With every new language or even new environment there comes time to ask yourself very important question: How will I test that? Kotlin itselft is just awesome. But state of its test frameworks is just not awesome.

This is state for 15th January 2018. For update on current state of testing frameworks, see: Kotlin testing frameworks - revisited

To even start to consider using some framework, it needs to be popular. With popularity comes support and future development, that’s pretty obvious. Taking that into account for Kotlin currently there are 3 possibilities:

I’m not going to distinguish between JUnit and TestNG - you probably already have your favorite one, this articles focuses on new stuff for Kotlin. For the sake of simplicity I will just talk about JUnit.

Ok, let’s make it clear - current state of Kotlin test framework sucks.

Spek

Spek logo

I tried it in early 2017 and I failed miserably. Or maybe it was Spek that failed miserably with being user-friendly. It was before 1.0 version, so a lot could change, right? Current version is 1.1.15 so it works, right? Yeah… it doesn’t.

I was about to give Spek another chance. However, I watched talk from KotlinConf Testing Kotlin at Scale: Spek by Artem Zinnatullin. First of all, some arguments of Artem are really invalid with good programming practices, he is not good at convincing to switch. But I was eager to try Spek anyway, I hoped this video would be a nice introduction. It was a nice introduction but for NOT using Spek. Artem explicitly states that you should not use version 1.X, 2.0 is coming soon! It was about to come soon and we are over 2 months from the conference and on Spek repo:

2.0 version still waiting

We can keep waiting. If one of the main contributors say to wait for 2.0 release and not use older releases, I’m listening. It’s a pity we have to wait so long for something so promising. I’m just starting new project and was going to use Spek but with current state - not a chance.

TL;DR - Don’t use until 2.0

Kotlintest

Kotlintest logo

I already used Kotlintest in a project, because entry barrier is much easier than in Spek. I really enjoyed its structure - it’s lovely you can use the structure you like. Of course StringSpec FTW! Useful matchers, ease of asserting exceptions and eventually lambda make tests much more readable. I like it.

But nothing is perfect and one big imperfect thing is the development of the project. It’s slow. I really appreciate all hard work put into this, but the fact is that doing JUnit equivalent of @Before and @After - which seems like the most basic stuff - is broken for a few months already. There is a fix for it but author of Kotlintest wants to make it to 3.0 already. And… we are still waiting for 3.0.

Also there is no way to run single test - Spek has this weird way of adding ‘f’ at the beginning of test and Kotlintest has only open issue for Intellij plugin.

Maybe these are small issues compared to all goodness coming from Kotlintest. If that’s true, feel free to use this framework. I just hope the development will speed up, because Kotlin’s version of scalatest would be amazing.

TL;DR - Cool constructs, better than Spek, can be buggy

JUnit

JUnit logo

I don’t have much experience with TestNG, but JUnit is just JUnit.
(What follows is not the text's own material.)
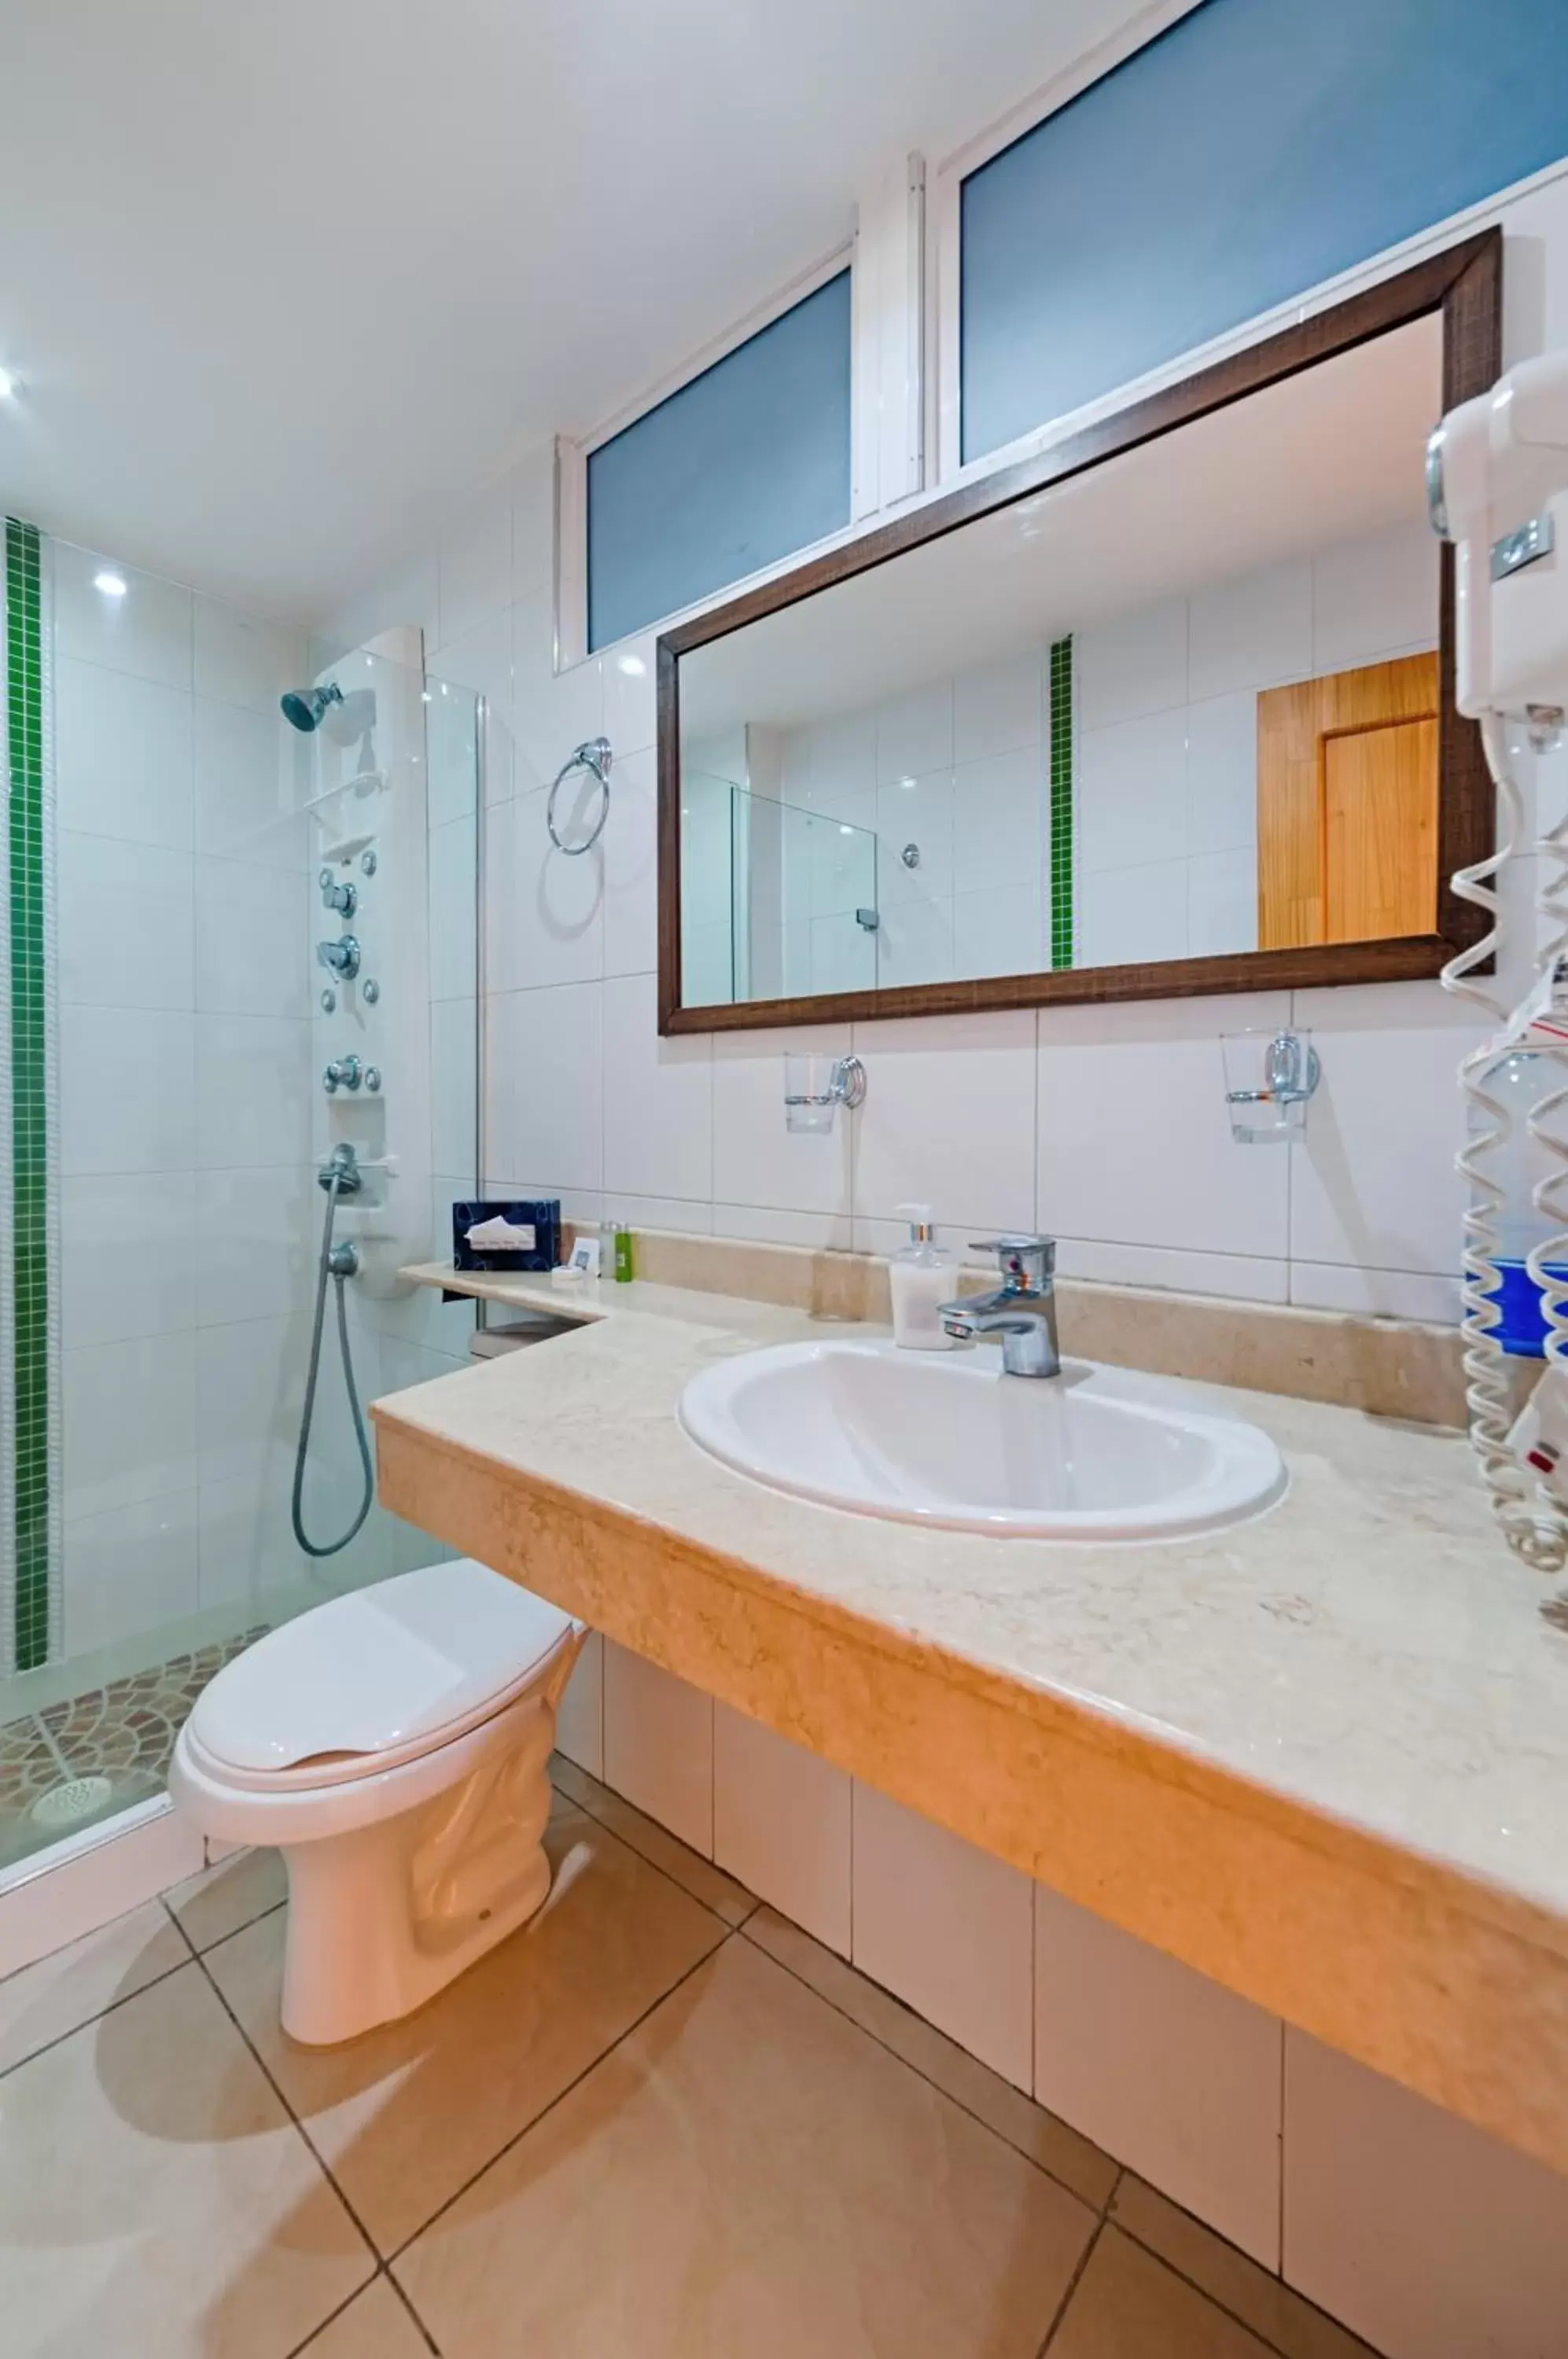 Bathroom in Basic Hotel Centenario by Hoteles MS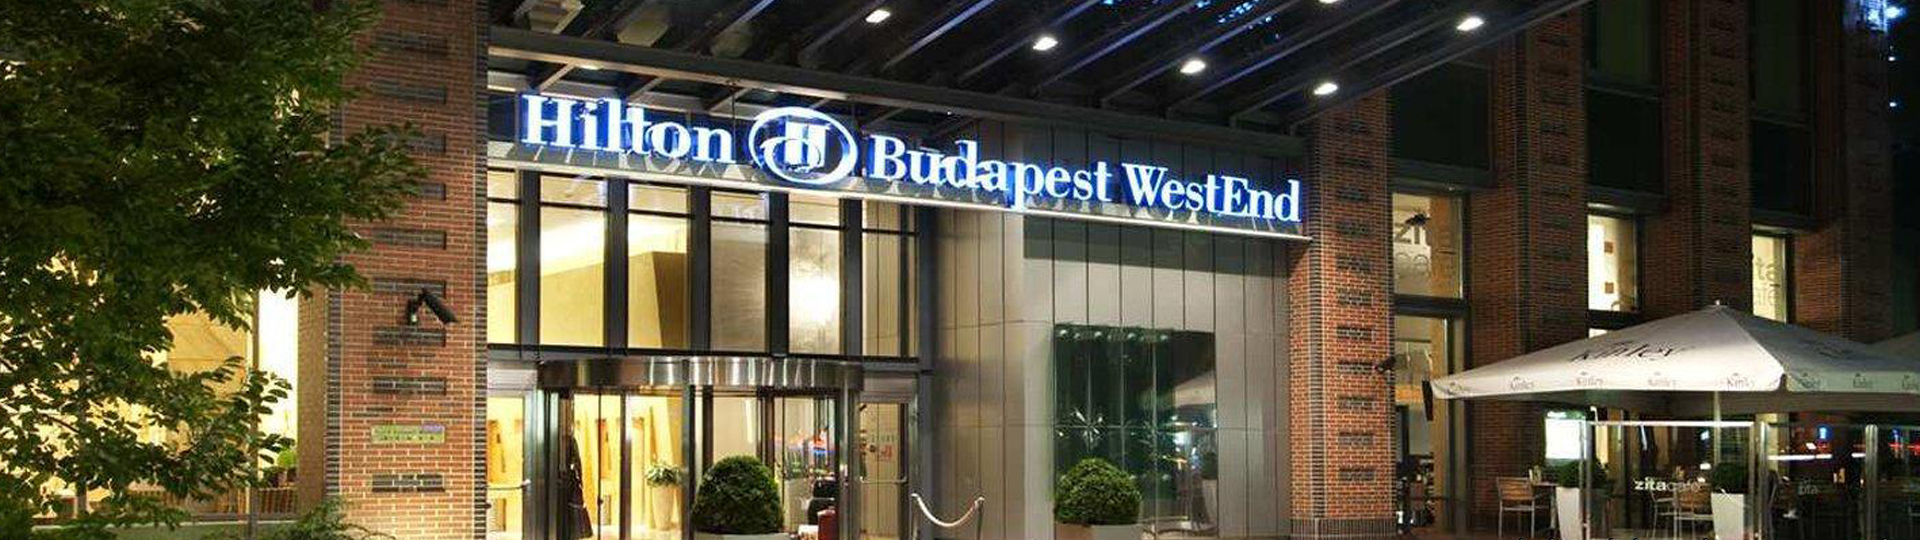 Westend Hilton Budapest

Proven, everything works, stable, as future-proof as it gets. JUnit with Kotlin works great. Of course remember about naming your test with backtick and spaces

public `should be useful blog post`()

That itself is cool but you can add more Kotlin awesomeness with Kluent or HamKrest and your tests may look like this:

"hello" shouldEqual "hello"

assert.that("hello", startsWith("h") and endsWith("o"))

Beautiful enough <3

JUnit is framework that can be extended with use of Kotlin. Maybe you don’t need much more than that?

TL;DR JUnit is already pretty good and can be extended with Kotlin libraries

Summary

What would I choose? Definitely not Spek. I’m a fan of Kotlintest because it’s very promising but with its current state I’d lean towards JUnit with libraries. Old, boring JUnit, but refreshed thanks to Kotlin abilities.

Saying that, I root for Spek and Kotlintest to make Kotlin testing even nicer.